Education Reforms and Democratic Deficit: A Warning for Sri Lanka

By Prof. M.P.S. Magamage

Education reforms are among the most consequential policy decisions a nation can undertake. They shape not only the intellectual capacity of future generations, but also the economic resilience, social cohesion, democratic culture, and long-term sovereignty of a country. In Sri Lanka, education has historically functioned as a powerful engine of social mobility, equity, and national integration. From the mid-twentieth century onwards, free education enabled generations from rural and disadvantaged backgrounds to access higher learning and professional careers, thereby contributing to nation-building and relative social stability.

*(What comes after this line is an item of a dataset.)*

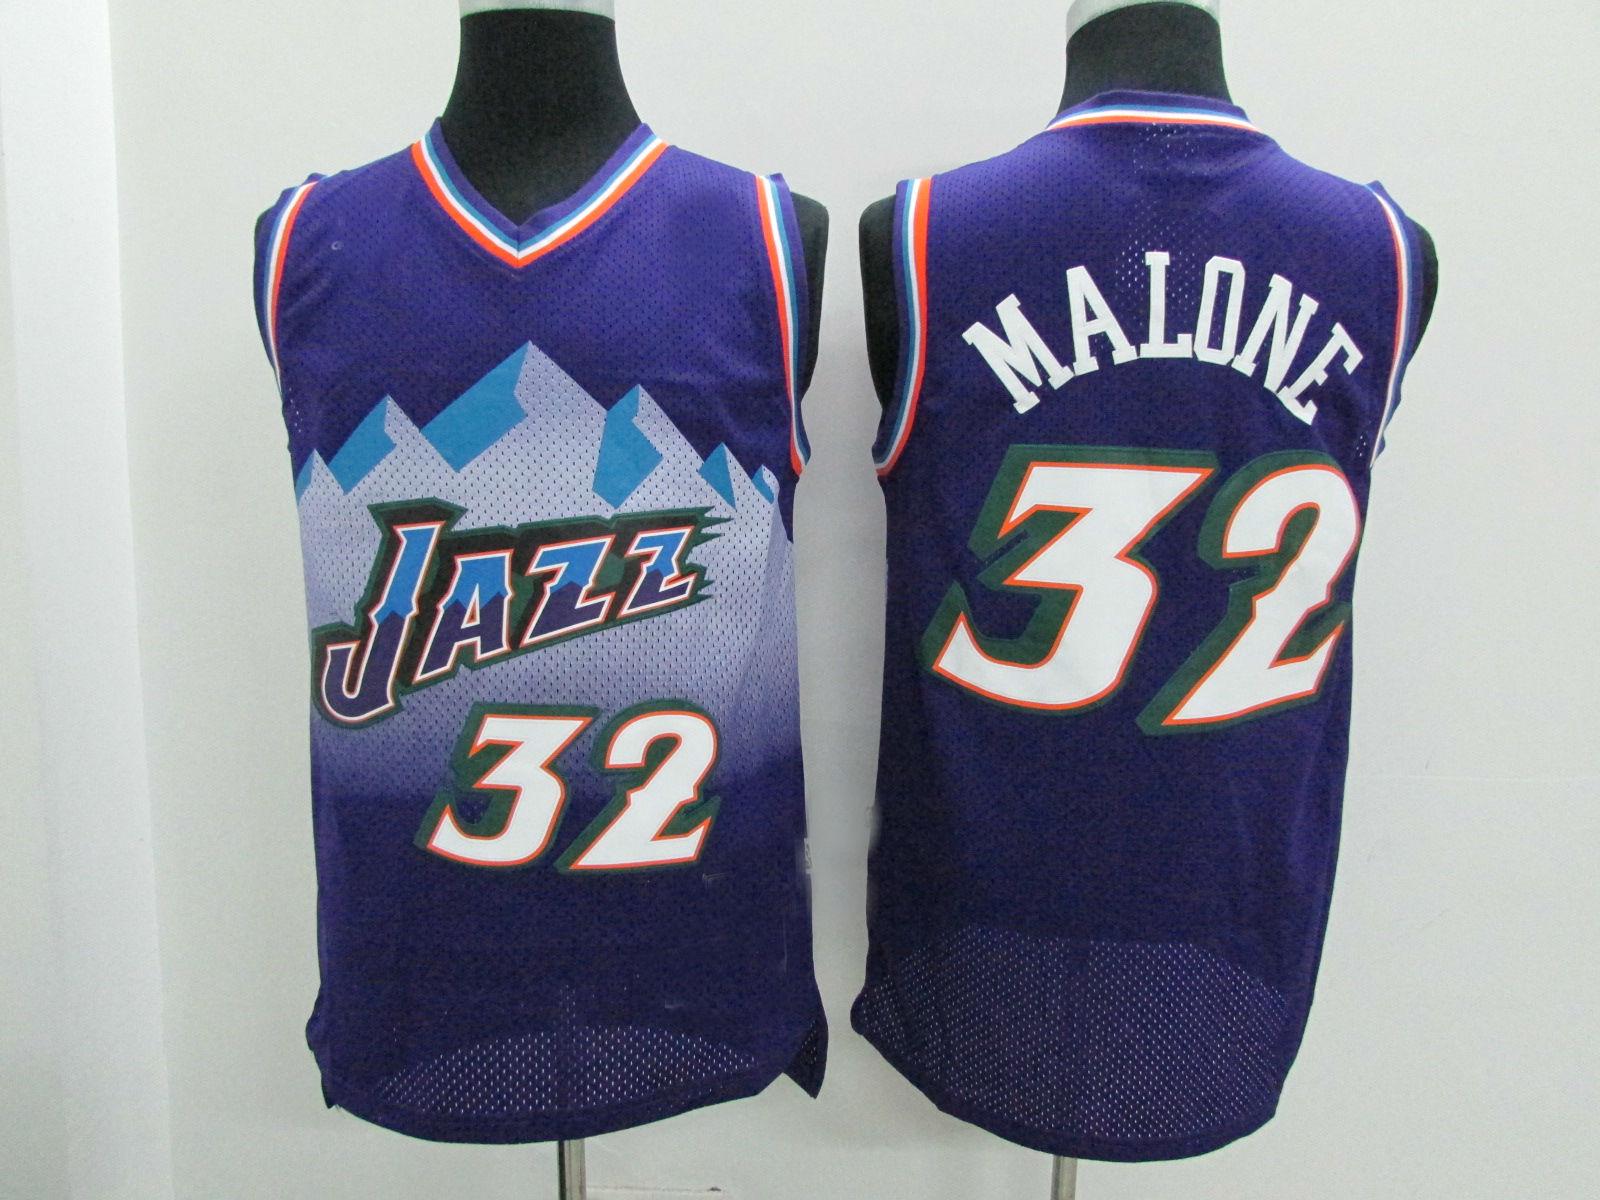 c9e781a1d Utah Jazz Retro Jerseys  32 Malone Purple Throwback Basketball Jersey
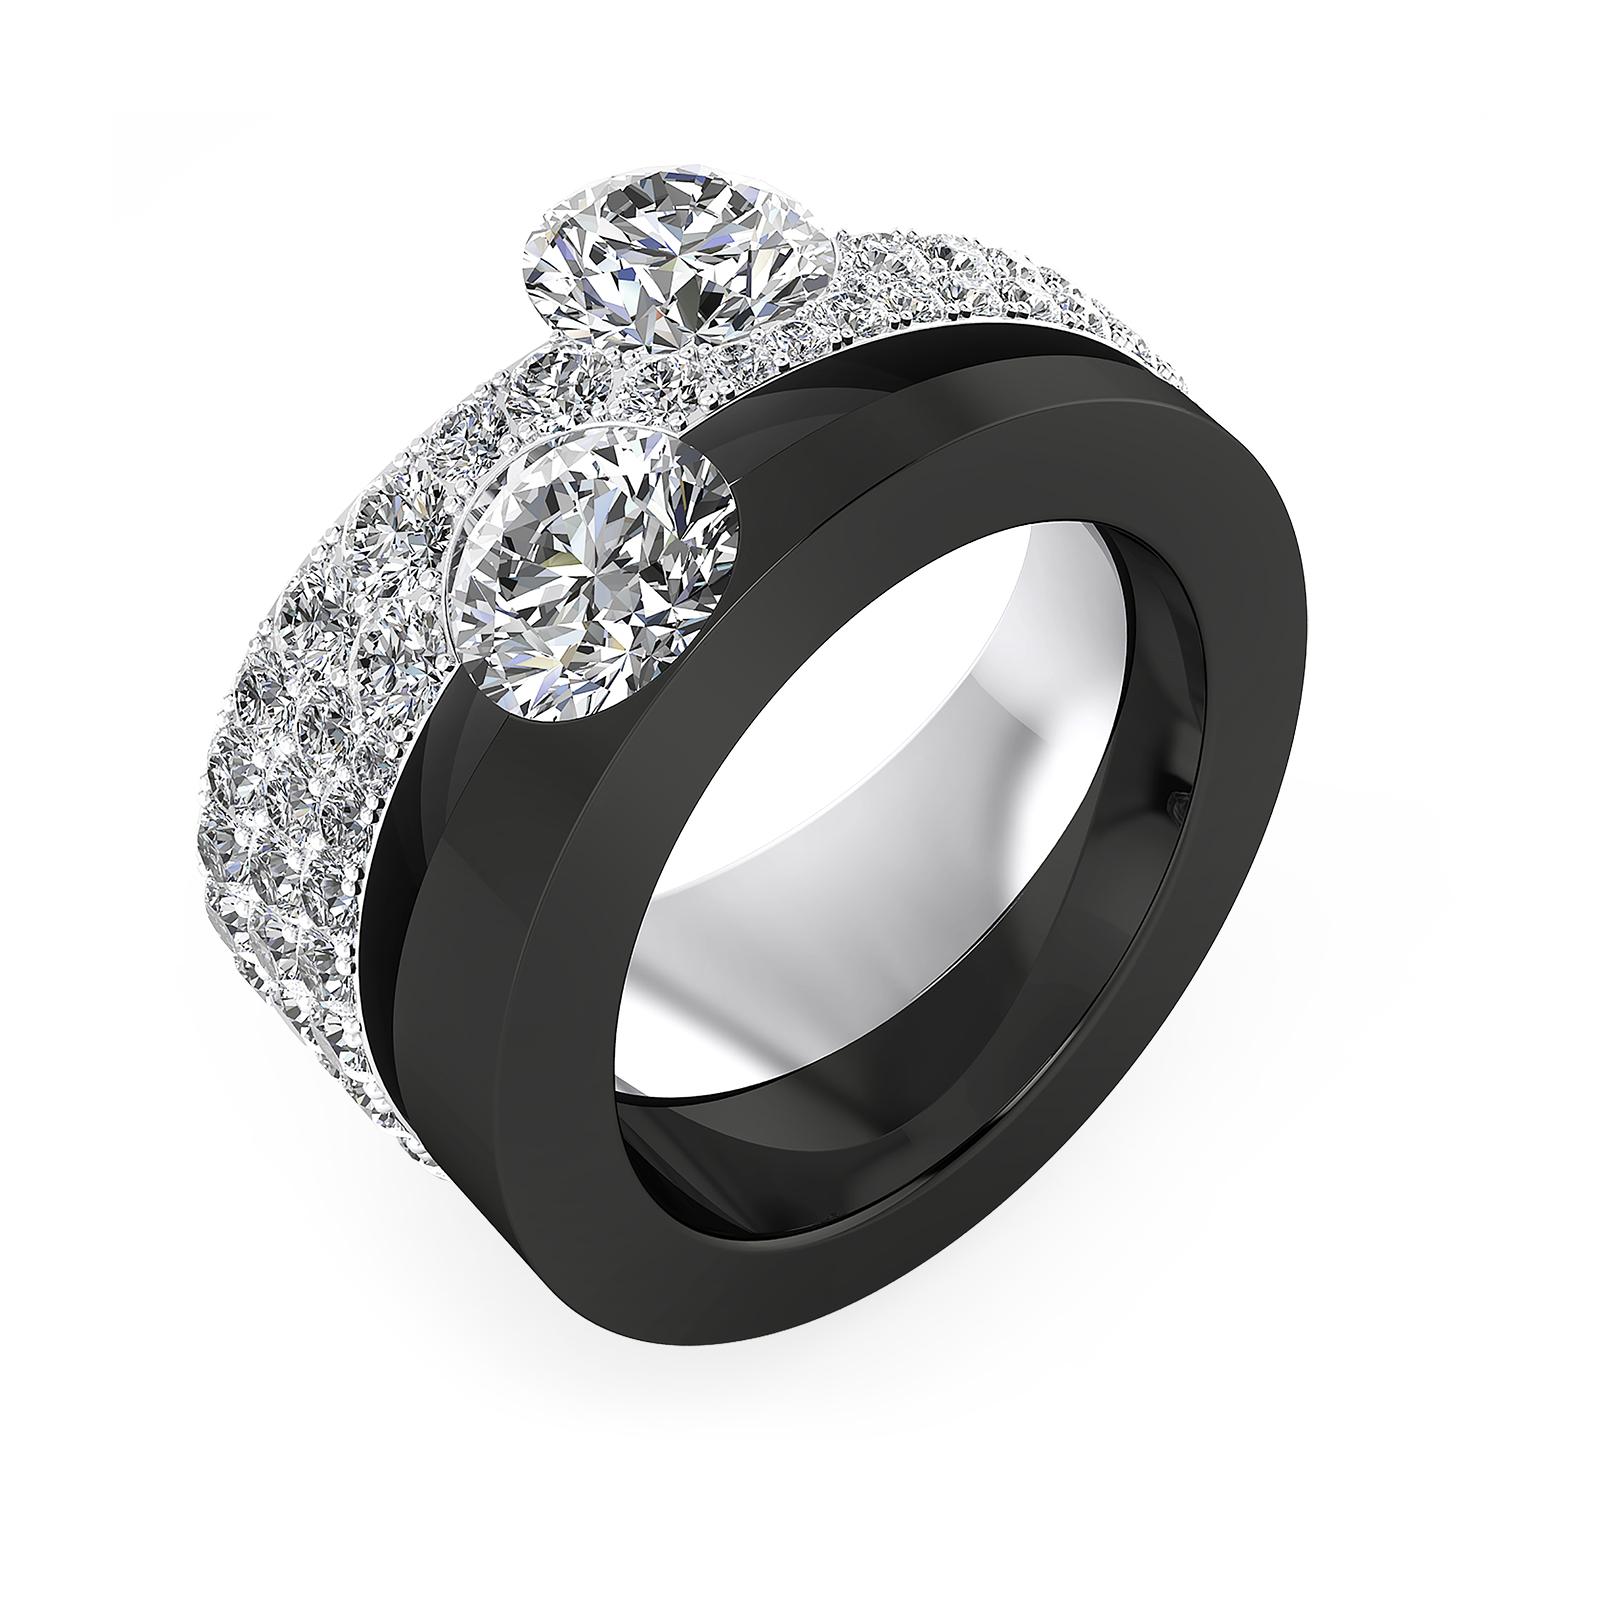 Anells de compromis or blanc amb diamants 2 diamants centrals

Against this backdrop, any attempt to reform the education system without broad-based, meaningful stakeholder consultation carries profound risks. The growing perception that recent or proposed education reforms in Sri Lanka have been hurried, opaque, and insufficiently consultative signals a looming danger. Teachers, academics, students, parents, professional bodies, universities, trade unions, provincial authorities, and civil society actors increasingly express concern that they are being treated as passive recipients rather than active partners
in reform.

The critical question, therefore, is not merely whether reforms will succeed or fail, but who will ultimately bear the cost of failure. Will political leaders and senior bureaucrats be held accountable, or will the burden fall disproportionately on students, families, and the nation as a whole? It is widely arguing that while political actors may face short-term criticism, it is the entire nation especially its youth, that will be penalised if education reforms proceed without inclusive consultation, contextual sensitivity, and long-term vision.

The imperative for education reform in Sri Lanka

It must be acknowledged at the outset that education reform in Sri Lanka is not only desirable but imperative. The education system faces multiple, well-documented structural challenges, foremost among them a growing mismatch between educational outcomes and labour market demands. This disconnect is evident across disciplines, including STEM fields (science, technology, engineering, and mathematics) as well as HEMS, humanities, education, management, and the social sciences, where limited integration with applied, vocational, and industry-relevant training constrains graduate employability. As a result, graduate unemployment and underemployment have become persistent features of the system, steadily eroding public confidence in the relevance, quality, and economic value of higher education.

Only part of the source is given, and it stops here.